The Hero 51 clones aren't too bad. You can find them for under $10. I'd recommend picking up some 2000 grit (or higher) sandpaper to smooth over the nib a little. I've got a couple of steel nib pens that I've smoothed out and they make an inexpensive, excellent writer.

 Speaking of which, one of those steel nib pens is a Sheaffer Imperial. You should also be able to find one of those under $10 on eBay. I'd go with one of those over a Chinese pen. You might also be interested in one of the inexpensive Pelikan pens with a steel nib.

 It's soaking at the moment, but a rage red Parker 61 with a solid 14k rainbow cap arrived from New Zealand today. I gave the cap a quick polish and it's something else - the rainbows have layers of yellow and rose gold on them. Once I get the old ink out, I'll give the 61 a more thorough polish and get some pictures up.

 Too bad the 61 capillary system is such a pain to clean. For those who aren't familiar, the 61 has a cylinder that looks almost like a standard cartridge. But instead, it has a capillary system that fills itself when dipped in ink. It works very well, but the problem is that it's tough to clean. Back in the day, Parker gave centrifuges to dealers to get the ink out of them. I've seen people suggest putting the 61 in a paper cup with a paper towel in the bottom. Rest the nib against the paper towel and over a few hours, all the ink will wick out of the pen.

 Unfortunately, this 61 has dried ink in it. I've gotten it loosened up with soaking and have been blowing water through it occasionally. It isn't clogged and I will get this one clean, but have no plans to fill it. Also, the pen is in excellent condition - too nice to carry.

 Still, if anyone is willing to put up with the quirks, the 61 is a fine pen. I've got another one with a stainless cap that I carried exclusively for about a year. It's a little slimmer than a 51 and an excellent writer.


----------



## pkshiu

Quote:


  Originally Posted by *randomasdf* /img/forum/go_quote.gif 
_Last time I went to china, an entire floor of a building was devoted to pens, mostly fountain, and I bought a gold plated flat tipped one (I have unfortunately lost it at home somewhere =|)_

 

Do you remember where was that building? sound like a place to visit.


----------



## yaluen

Pic of my favourite ballpoint. Love its elegance 
	

	
	
		
		

		
		
	


	









 I need to clean the grip though, and the ink is running out.


----------



## randomasdf

Quote:


  Originally Posted by *pkshiu* /img/forum/go_quote.gif 
_Do you remember where was that building? sound like a place to visit._

 

Unfortunately, no 
	

	
	
		
		

		
		
	


	




 also,
 http://www.instructables.com/id/Save-$200-in-2-minutes-and-have-the-worlds-best-wr/
 a fun looking DIY


----------



## Karlos

Just bought a Generation Mont Blanc. Tell me I've not bought a lemon


----------



## armoured

Awesome pictures, I've read like 20+ pages already.


----------



## guitarman19853

I remember when this thread started because this thread caused me to get into pens... Now I'm hopeless.

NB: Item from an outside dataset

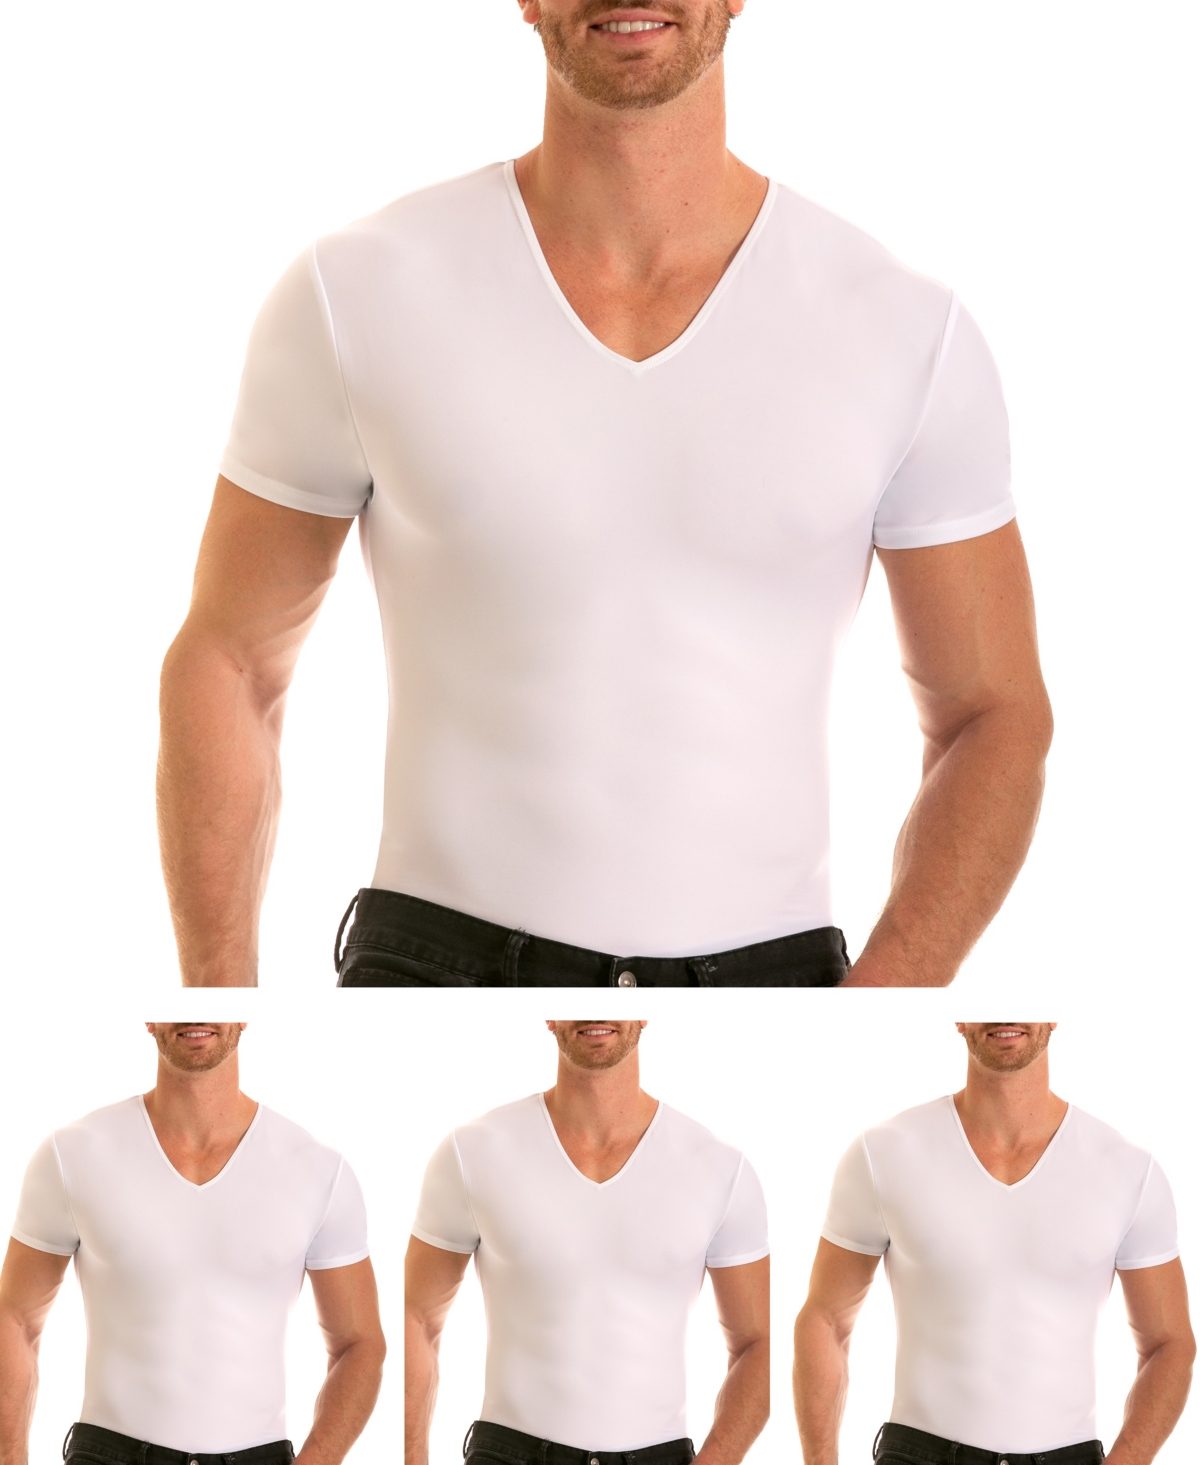 Men's Big & Tall Insta Slim 3 Pack Compression Short Sleeve V-Neck T-Shirts - White
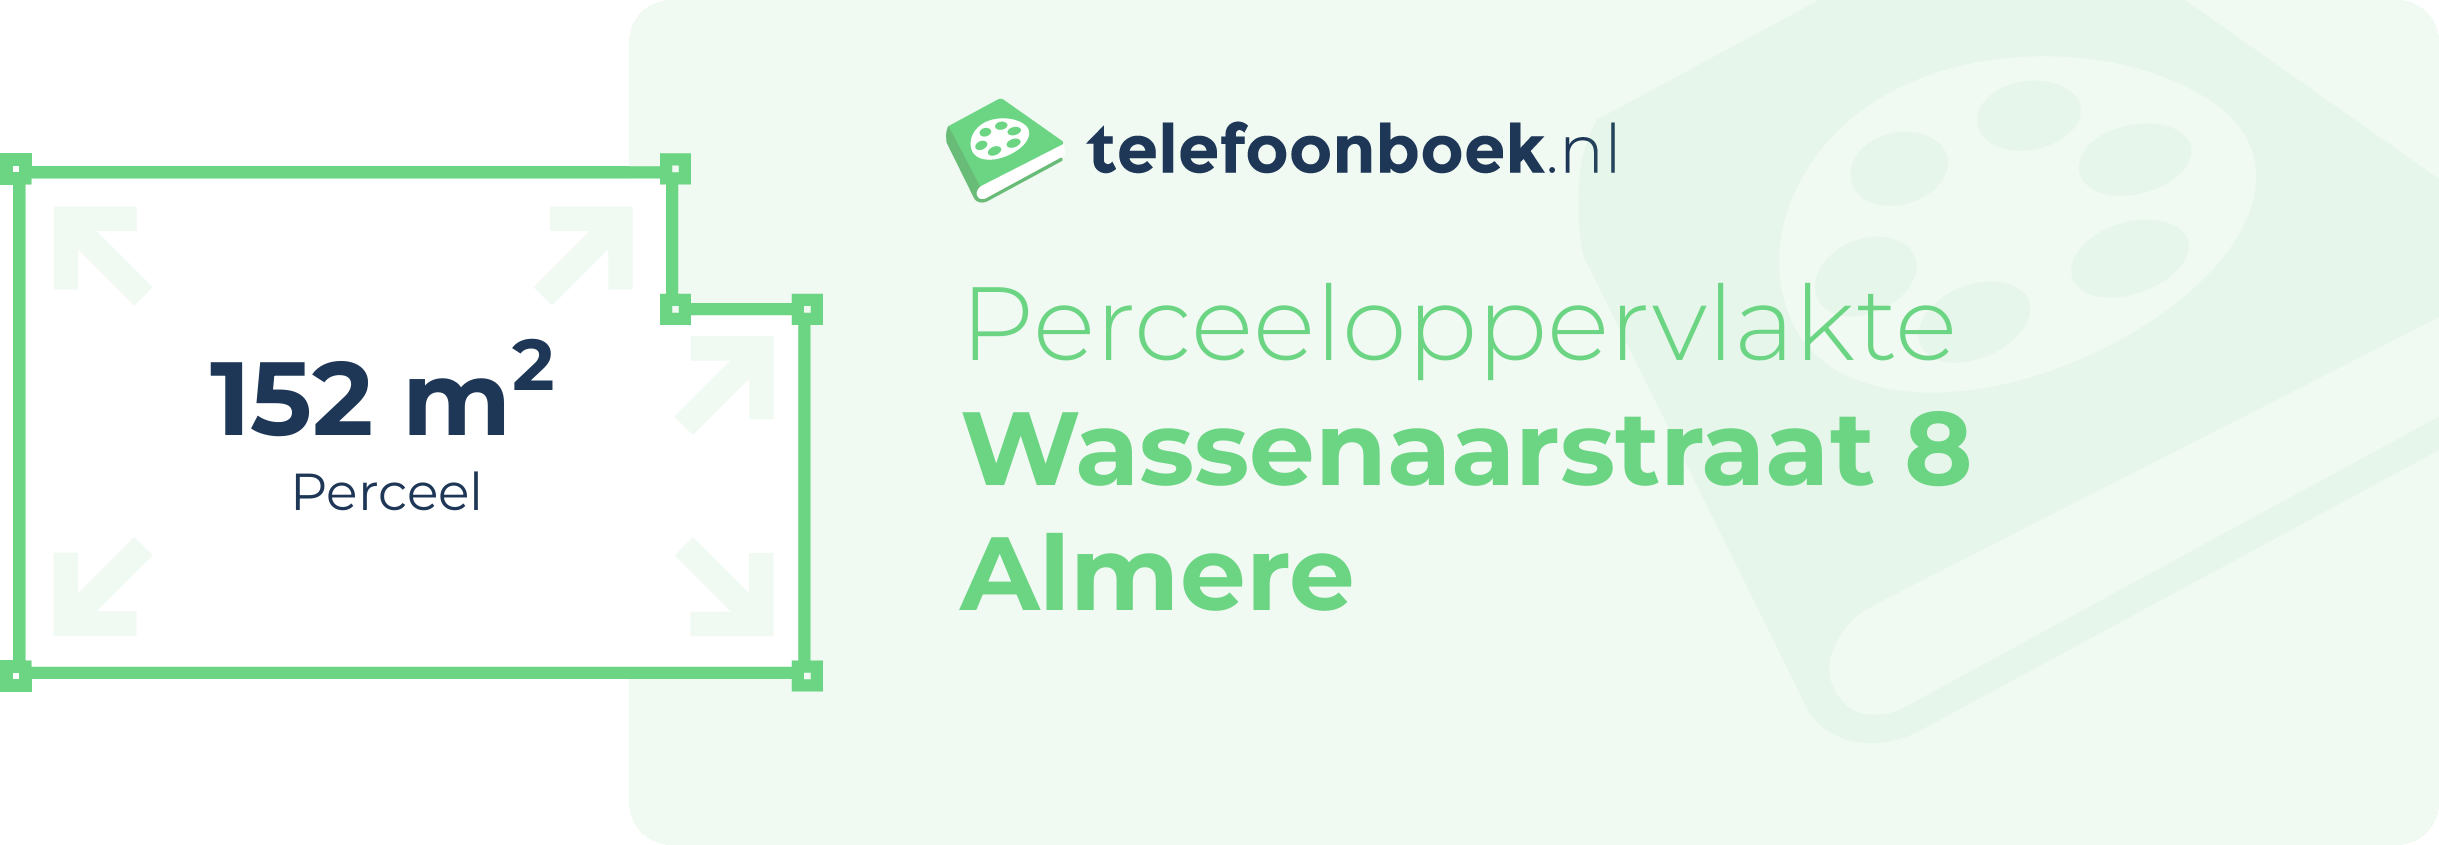 Perceeloppervlakte Wassenaarstraat 8 Almere

 Picked this M800 up 8 months ago and am looking at a M600. I also picked up a Pilot VP from Richard Binder a couple months ago
















 With my M200


----------



## tnmike1

Tell me about it. I went looking for a new ink color many posts ago. Now own four vintage Conway Stewarts, Lamy Vista, Lamy Safari, and six bottles of ink. This is getting as addictive as Head-Fi, albeit a little less expensive. Plus I got some really beautiful writing instruments and inks to go in them. AHHH The pleasures of life!!!


----------



## Karlos

So true. This site has cost me a packet. I came for some advice regarding a new MP3 player and have since spent hundreds of pounds on three pairs of AKG headphones, a set of Denon Ch700s a couple of nice Watermans and now the MB. 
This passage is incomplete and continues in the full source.